This is useful to illustrate the improvements of a PR.
```shell
# On main
cargo benchmark --save-baseline=main
# After applying your changes
cargo benchmark --save-baseline=pr
critcmp main pr
```
You must install [`critcmp`](https://github.com/BurntSushi/critcmp) for the comparison.
```bash
cargo install critcmp
```
## Tips
- Use `cargo benchmark <filter>` to only run specific benchmarks.

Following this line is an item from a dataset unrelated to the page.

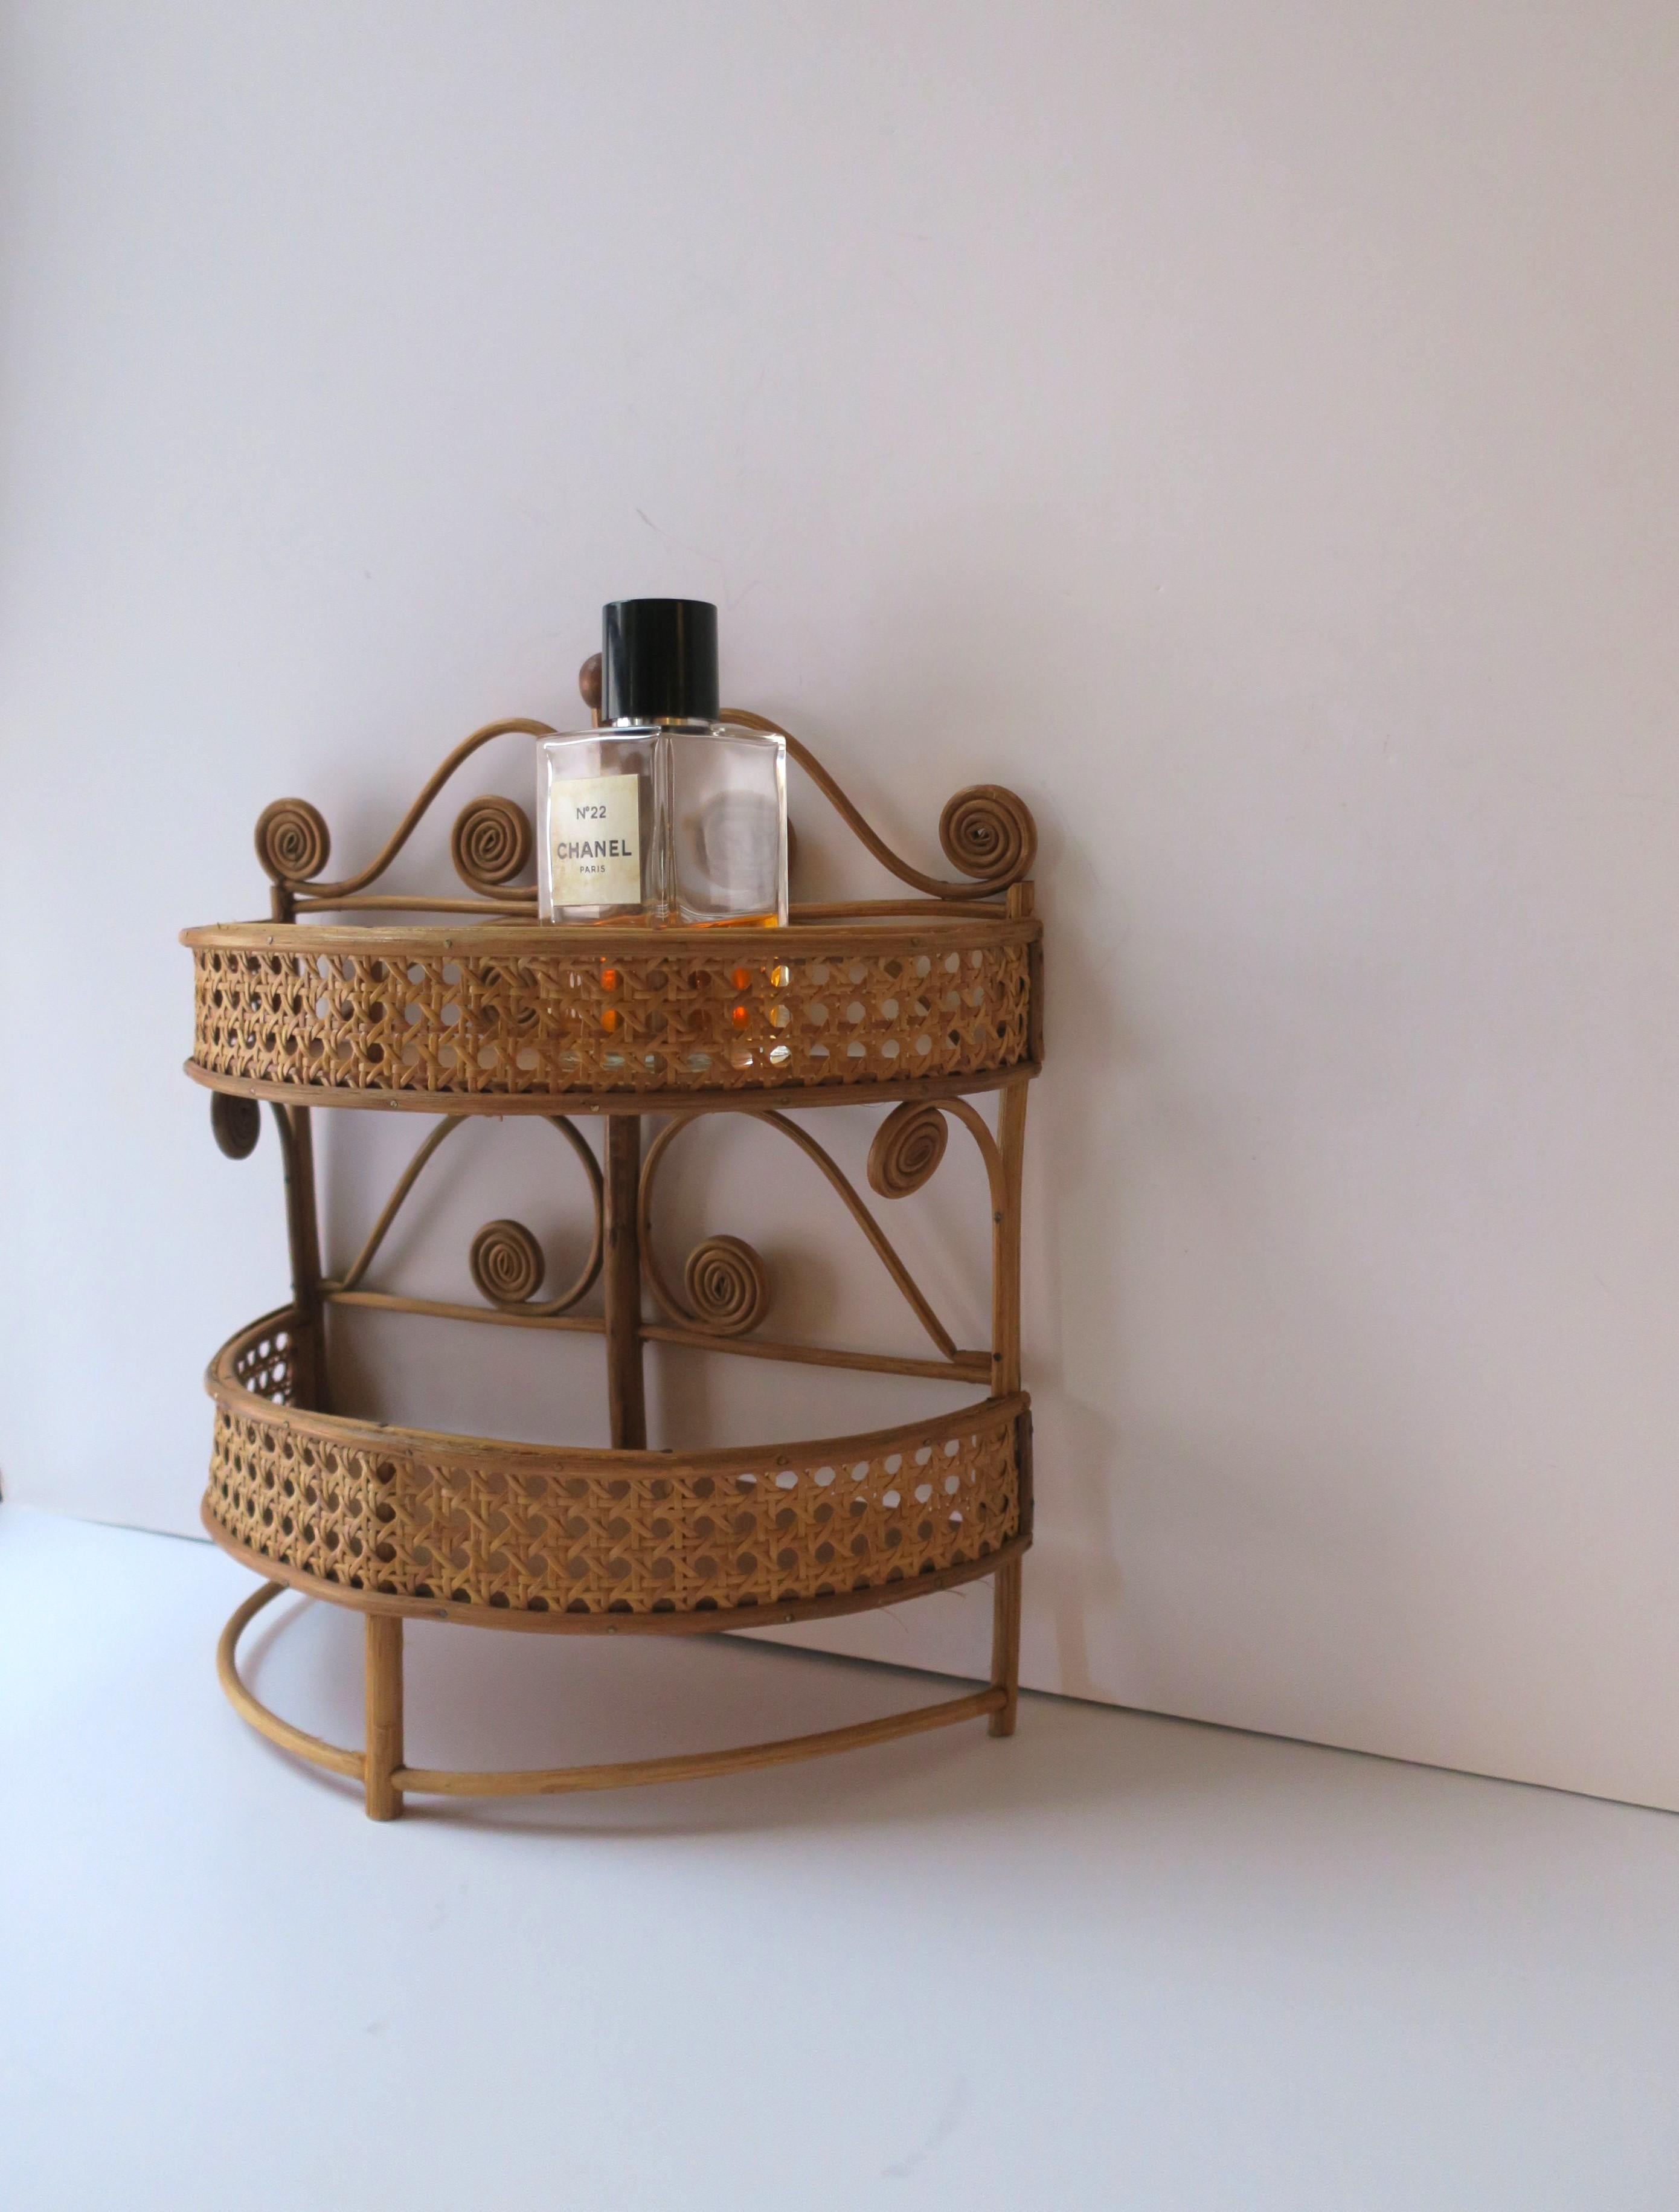 Wicker and Cane Wall Shelf In Good Condition For Sale In New York, NY

For example: `cargo benchmark linter/pydantic`
to only run the pydantic tests.
- Use `cargo benchmark --quiet` for a more cleaned up output (without statistical relevance)
- Use `cargo benchmark --quick` to get faster results (more prone to noise)
## Profiling
### Linux
Install `perf` and build `ruff_benchmark` with the `release-debug` profile and then run it with perf
```shell
cargo bench -p ruff_benchmark --no-run --profile=release-debug && perf record -g -F 9999 cargo bench -p ruff_benchmark --profile=release-debug -- --profile-time=1
```
Then convert the recorded profile
```shell
perf script -F +pid > /tmp/test.perf
```
You can now view the converted file with [firefox profiler](https://profiler.firefox.com/)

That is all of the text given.